Mind you, it was not easy to keep a straight face at that point.  He was hanging on my every word. “The monsters are scared of me because they know if they try to hurt you,” a pause for emphasis, “I will kick their butts.”

In those days I was a timber jack in top condition, out in the sun every day, with hair past my shoulders and beard trimmed below the jaw.  But, that night at home, I was wearing blue sleep pants, a red tank top, and leather strapped sandals.  My son, known then as little bear, stood staring in wide-eyed silence.

“Is there a monster in your closet?”  I fixed him with a firm gaze. He nodded slowly, so I pulled myself up on my feet. “Let’s go see him then.”

I pushed open the bedroom door and flipped on the light, hands fisted, arms slightly bent. Up to the closet I strode, noticing the door already slightly ajar. “Come out of there, monster!” I commanded.

There was no response. I glanced at my son, then back at the door. “Don’t make me come in there!”  There was nothing left to do. I threw open the doors…

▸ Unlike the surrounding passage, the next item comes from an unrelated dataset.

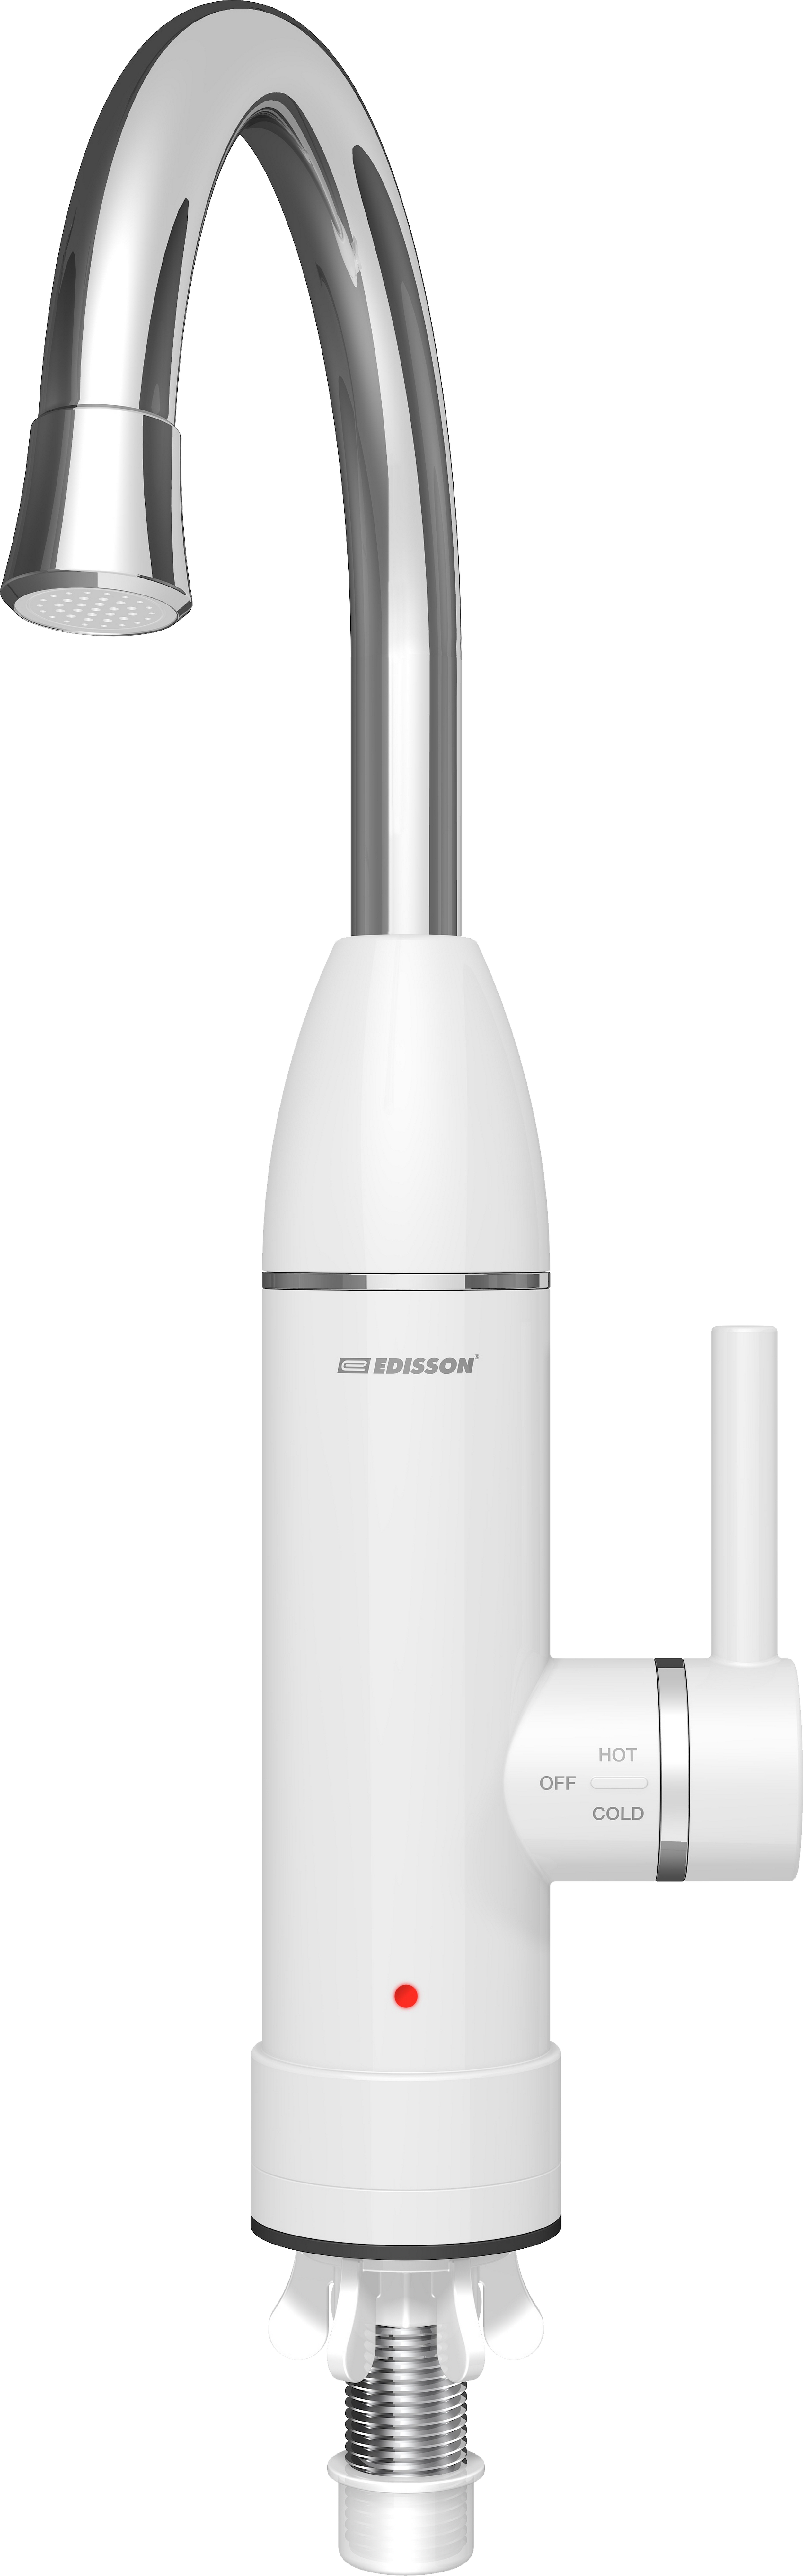 Проточный водонагреватель Edisson Mini 3000 в интернет-магазине, главное фото
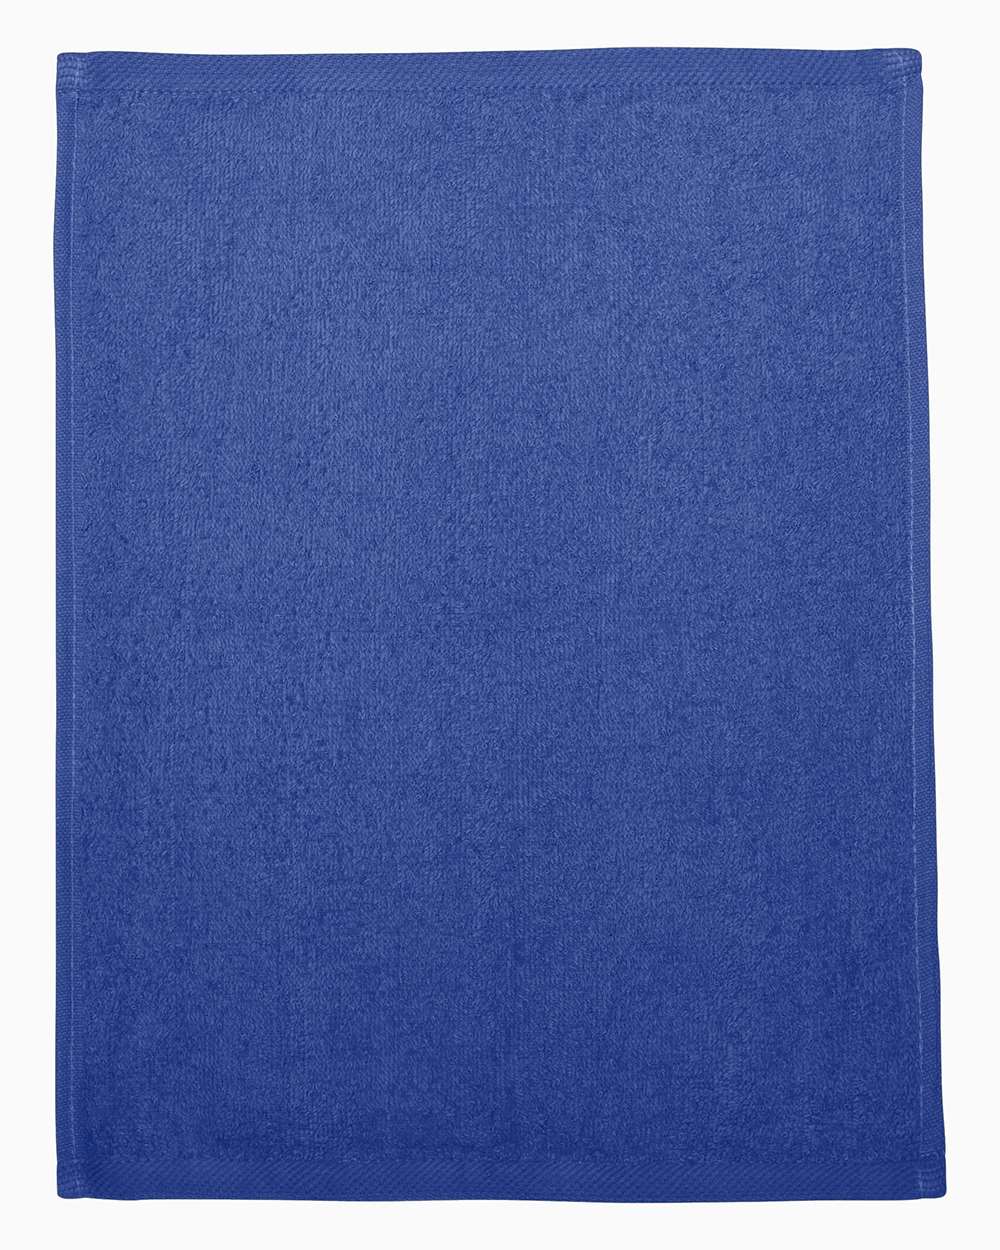 Q-Tees Hemmed Fingertip Towel T600 #color_Royal

“See?”  I rifled through the garments checking the corners.  “There’s no monster in here.”  I knelt down to his eye level, “and there won’t ever be, because they know I will get after them if they ever get close to you. Okay?”

A smile pulled at my boy’s face as he nodded.

I laid him back in bed with a kiss on the head. That monster never bothered us again, which was a real relief.  After all, had I actually seen a monster in the closet that night, who knows what might’ve become of us?